I honestly don't understand why anyone wants to read Sarah Palin's book.
Now, this is not a political blog, and I'm not making a political statement, although my sensibility is surely somewhat to the left of Ms. Palin, and that's all I'll volunteer right now. What I'm saying here is, why does anybody want to read that book?
If Joe Biden wrote a book (which he did), I wouldn't want to read it. President Obama has written TWO books, both of which were bestsellers BEFORE he became president, and I haven't read either one. Someone gave me a copy of Bill Clinton's foot-thick memoir (which covered everything up to 10 years ago), and I think I cracked the cover once. Read about three pages. I don't remember any of it.
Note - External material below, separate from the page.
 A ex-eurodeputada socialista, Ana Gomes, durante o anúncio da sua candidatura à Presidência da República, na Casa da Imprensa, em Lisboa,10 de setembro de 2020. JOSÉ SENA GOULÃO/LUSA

I just don't get the fascination. What is the politician going to tell you that you couldn't have figured out if you read the newspaper while they were doing the stuff they're writing about. The inside story? Seriously? You think you're going to get that from anyone who thinks they might have any kind of a future in Washington?
Frankly, I don't care that much for autobiographies. Most of the ones I've read have suffered from the fact that the writer might have been just a tad biased toward the subject's point of view, and certain thorny details might have been, let's say, smoothed over a bit.
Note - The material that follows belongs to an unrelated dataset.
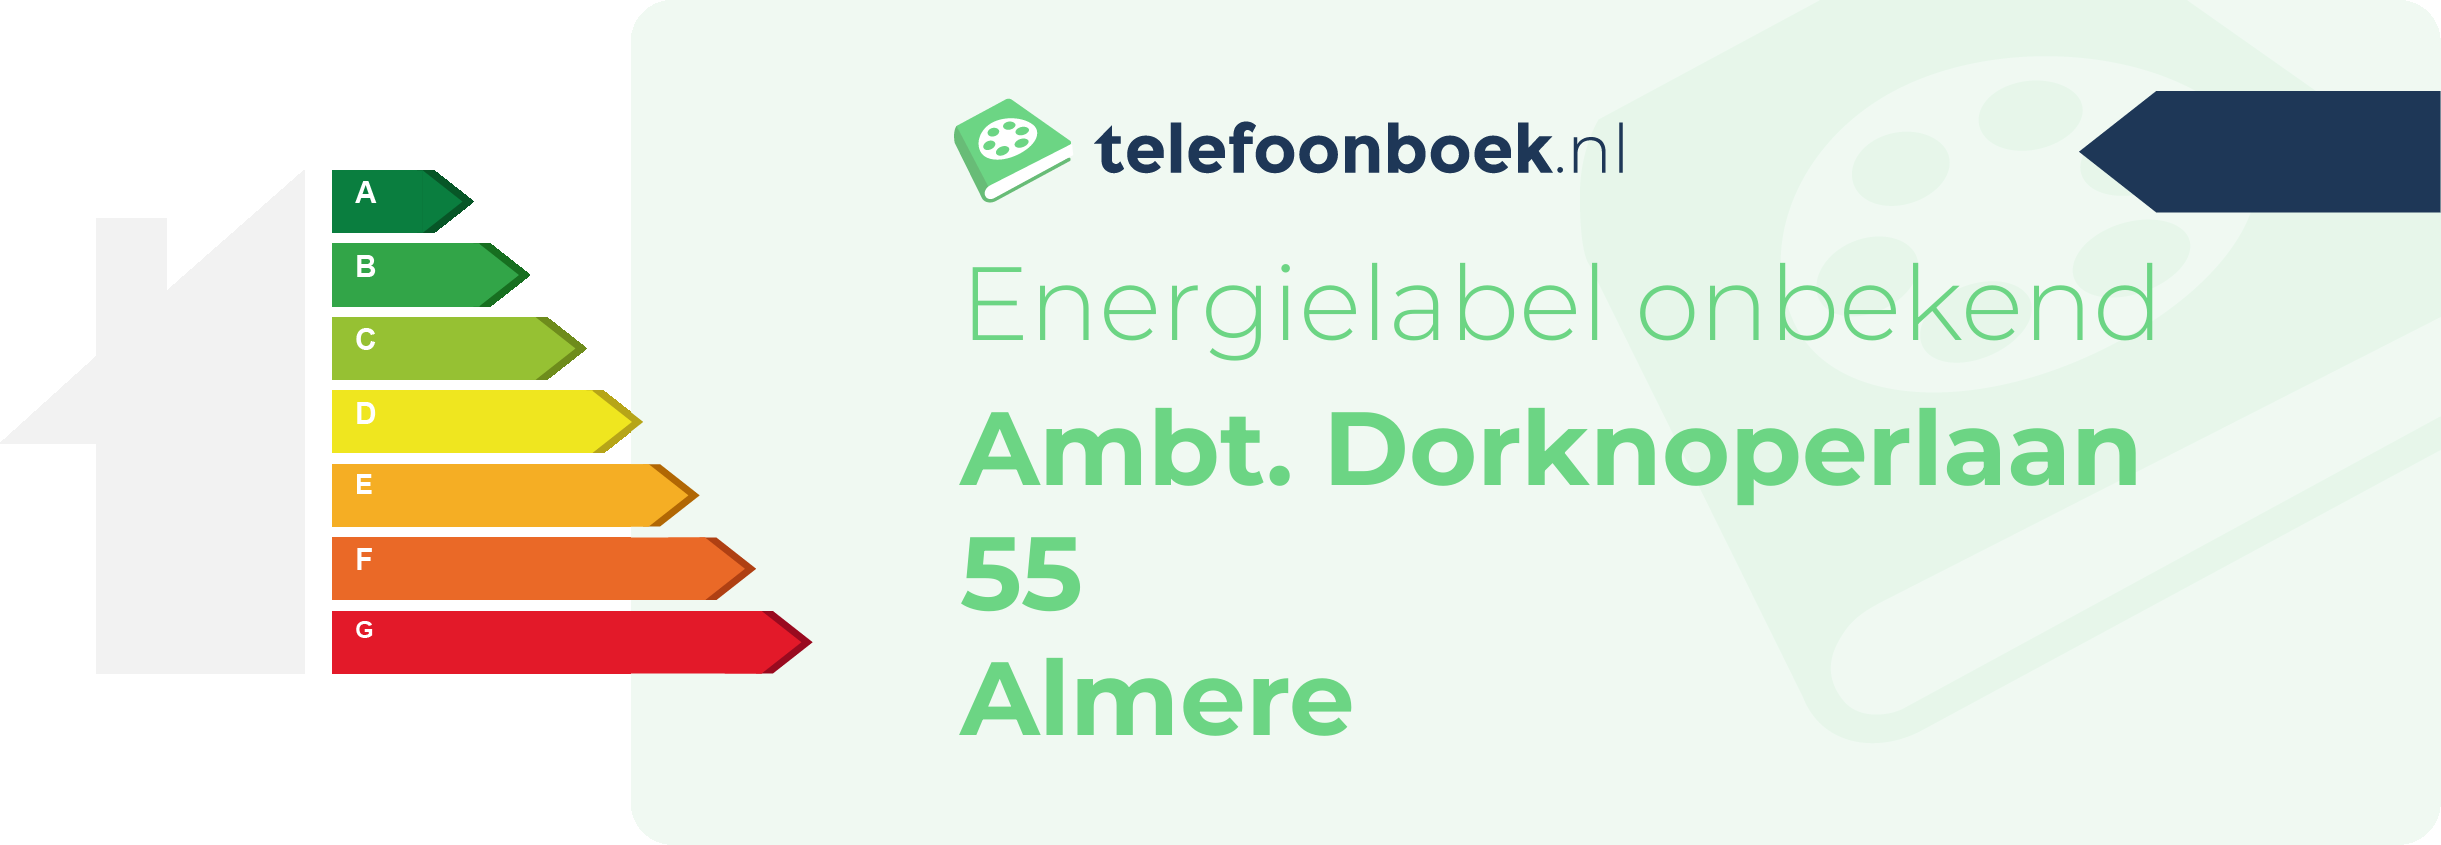 Energielabel Ambt. Dorknoperlaan 55 Almere

The only autobiography I recall really enjoying is Harpo Speaks, and that's mostly because 1. the subject really didn't write his own book and 2. no one ever believed a story the Marx Brothers told, as they were given to... embellishment. Highly entertaining.
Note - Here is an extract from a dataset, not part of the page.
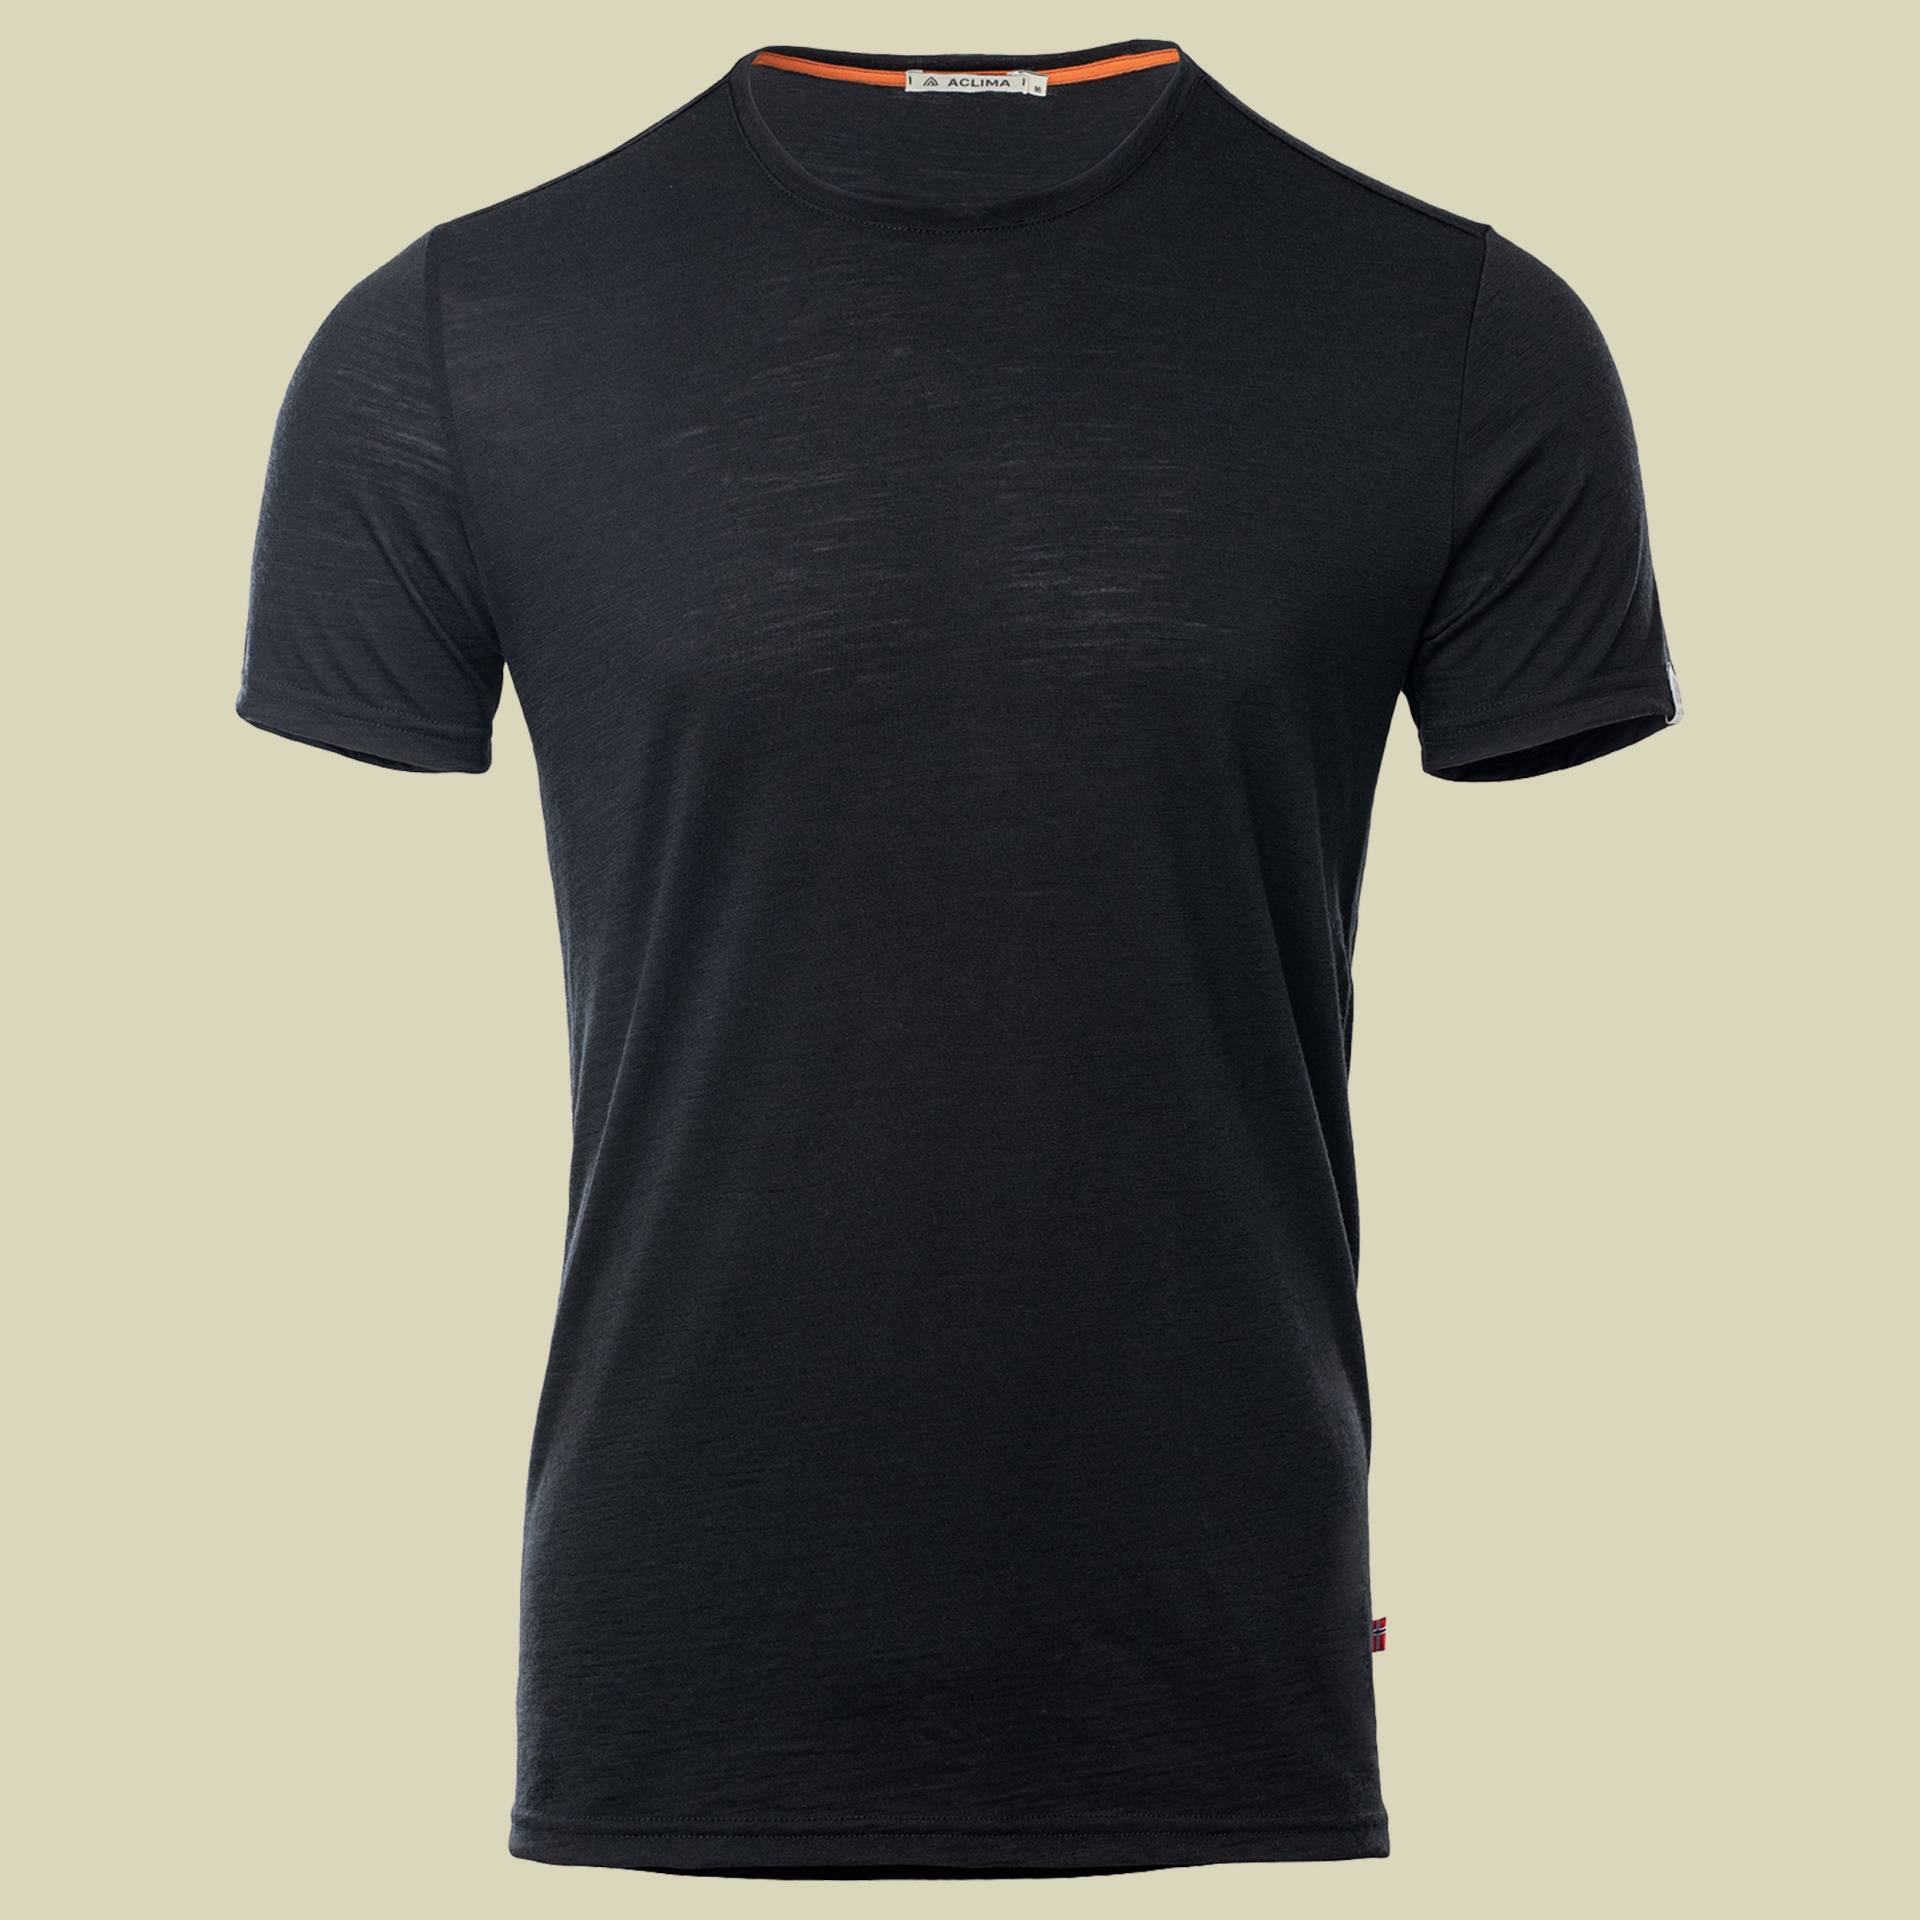 LightWool T-Shirt Men schwarz XL - jet black von aclima

The idea that Sarah Palin's memoir shot to the top of the bestseller lists baffles me. Yeah, I have my issues with her aside from the book, but I honestly can't fathom exactly what kind of reading experience the public thinks it's going to get. A sterling, stirring, poetic work of letters? I don't know who the ghostwriter was, but it hardly seems likely. A candid, insightful viewpoint of last year's campaign? From someone who hasn't stopped giving interviews for a 20-minute stretch since the campaign ended? What's left to find out?
The problem with political memoirs is that all the stories are the same: the subject starts out in the most abject of circumstances (absent/dead parent, crippling poverty, living in Idaho), finds some inspiration from a beloved political figure of the past (John F. Kennedy, Ronald Reagan, Louis XVI), turns his/her life around for a lifestyle of service (military, community, fast food) and then gets the Big Break that catapults him/her to political stardom (like the party elders decided to appeal to a new demographic).
What does this all tell us, really? Anything we haven't already heard, didn't already know?
Besides, they're politicians! If there's one thing we should have learned by now it's not to believe a single word one of these weasels tells us!
Frankly, if I want to be lied to, I'd rather read a work of fiction. At least each chapter will end on a cliffhanger.